The previous content was mainly read through a physical book, and the notes were difficult to organize (actually, it was laziness), so they were scattered above. The next few chapters were primarily read through the online translation by experts (see the link at the top), which was easier to record.

Chapter 8: Boundaries#

  • We are not responsible for testing third-party code, but writing tests for the third-party code we need to use may be in our best interest.

Learning the third-party code is hard. Integrating the third-party code is hard too. Doing both at the same time is doubly hard. What if we took a different approach? Instead of experimenting and trying out the new stuff in our production code, we could write some tests to explore our understanding of the third-party code. Jim Newkirk calls such tests learning tests.

Learning third-party code is difficult. Integrating third-party code is also challenging. Doing both simultaneously is even harder. What if we took a different approach? Instead of experimenting with new things in our production code, we could write tests to explore our understanding of the third-party code. Jim Newkirk refers to these as learning tests.

In learning tests, we call the third-party API, as we expect to use it in our application. We’re essentially doing controlled experiments that check our understanding of that API. The tests focus on what we want out of the API.

In learning tests, we call the third-party API as we expect to use it in our application. We are essentially conducting controlled experiments to verify our understanding of that API. The tests focus on what we want from the API.

Chapter 9: Unit Testing#

Some of you reading this might sympathize with that decision. Perhaps, long in the past, you wrote tests of the kind that I wrote for that Timer class. It’s a huge step from writing that kind of throw-away test to writing a suite of automated unit tests. So, like the team I was coaching, you might decide that having dirty tests is better than having no tests.

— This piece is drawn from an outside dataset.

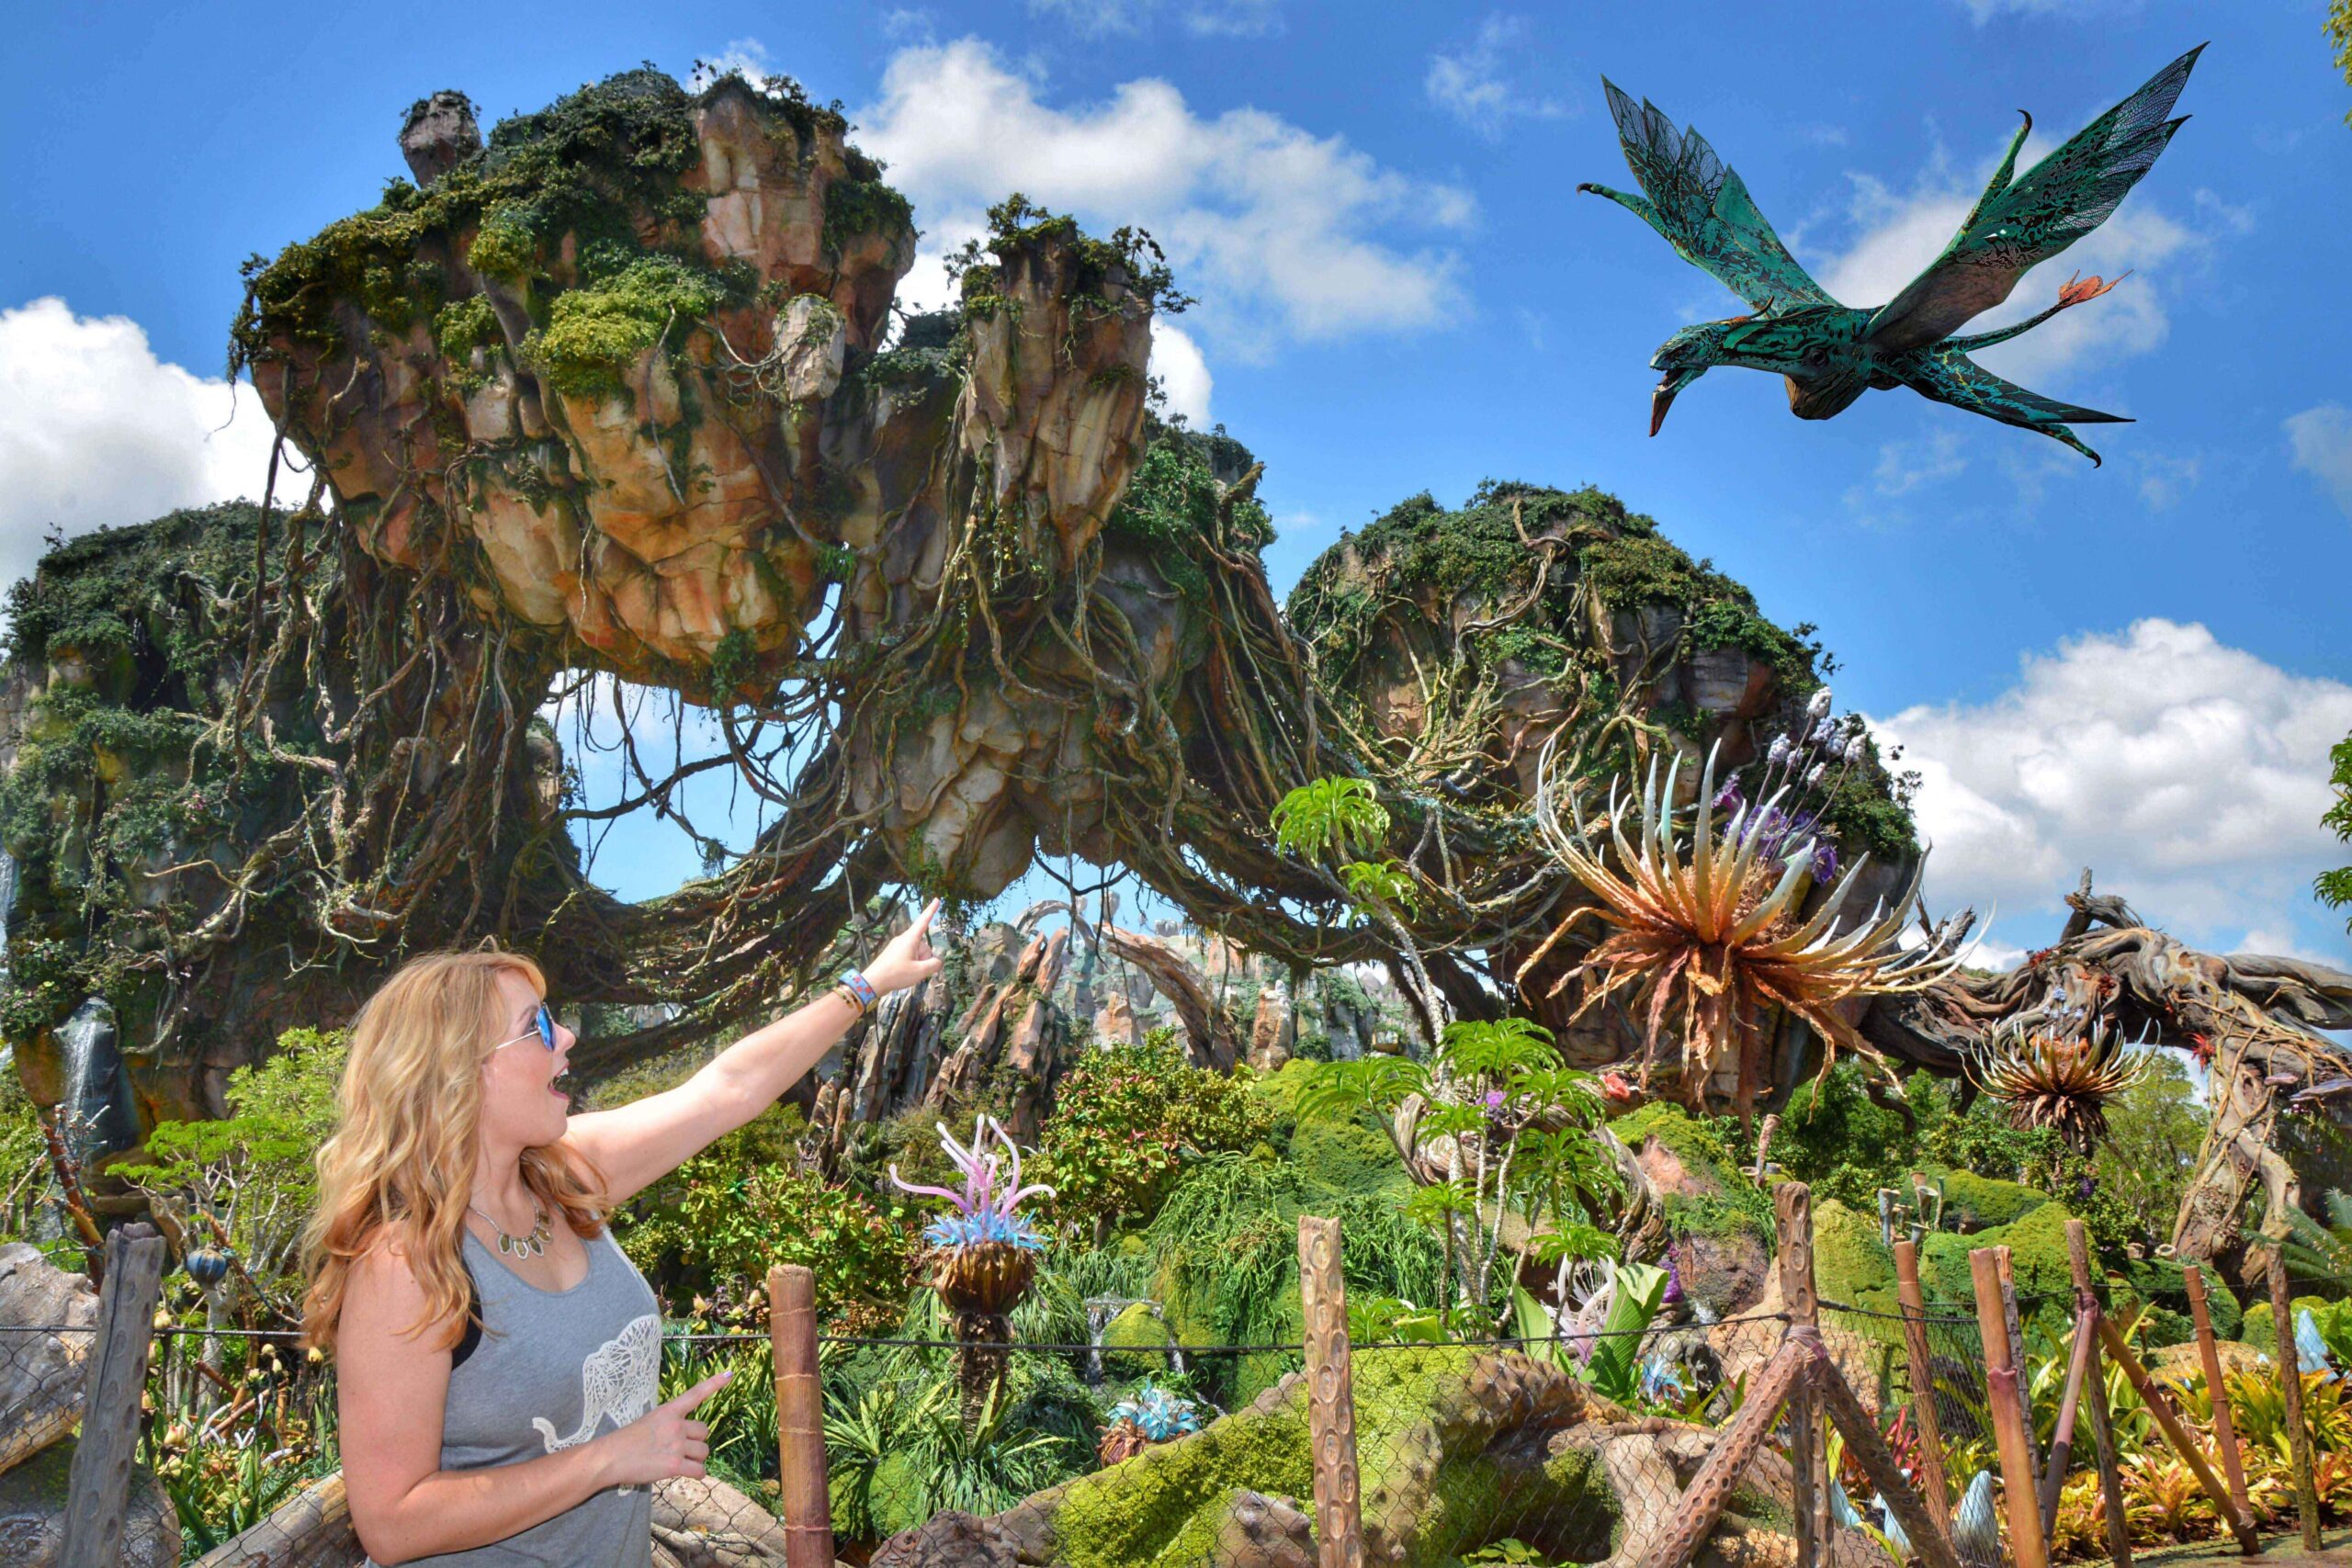 Pandora The World of Avatar: Review - Living By Disney
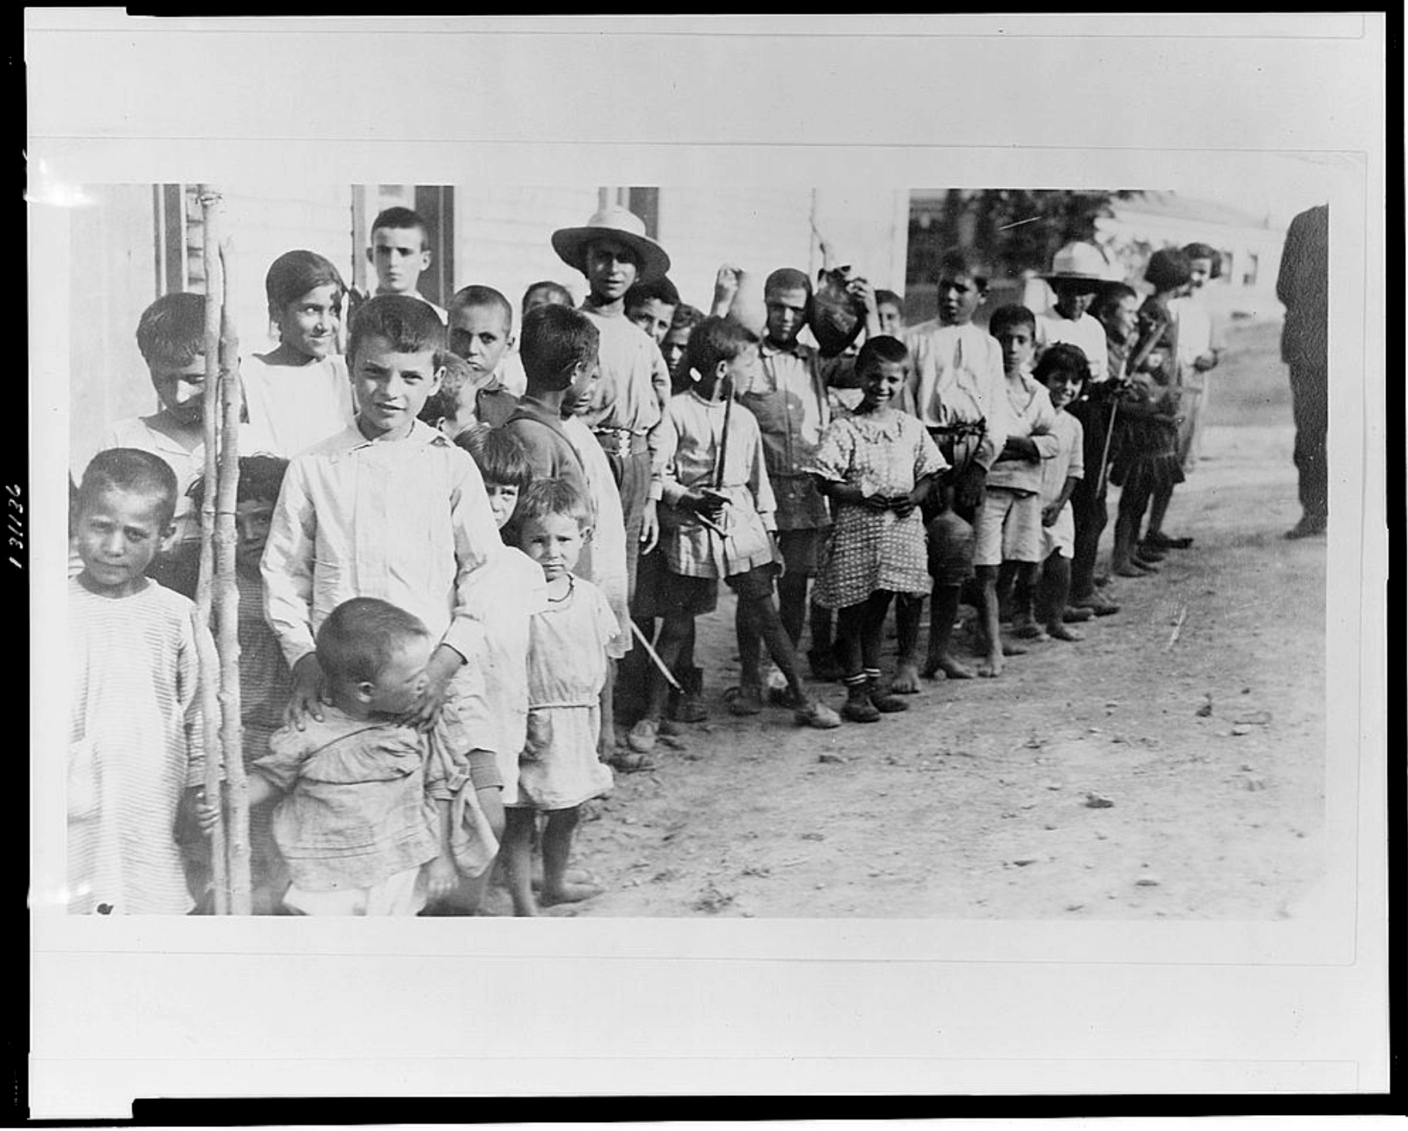 (1923) Greek and Armenian refugee children from Anatolia standing outside one-story building, near Athens, Greece. Greece, 1923. [Photograph] Retrieved from the Library of Congress, https://www.loc.gov/item/2002709161/.

Some readers might agree with this approach. Perhaps, long ago, you also wrote tests similar to those I wrote for that Timer class. It is a significant leap from writing throwaway tests to writing a complete suite of automated unit tests. So, like the team I was coaching, you might think that having dirty tests is better than having no tests.

What this team did not realize was that having dirty tests is equivalent to, if not worse than, having no tests. The problem is that tests must change as the production code evolves. The dirtier the tests, the harder they are to change. The more tangled the test code, the more likely it is that you will spend more time cramming new tests into the suite than it takes to write the new production code. As you modify the production code, old tests start to fail, and the mess in the test code makes it hard to get those tests to pass again. So the tests become viewed as an ever-increasing liability.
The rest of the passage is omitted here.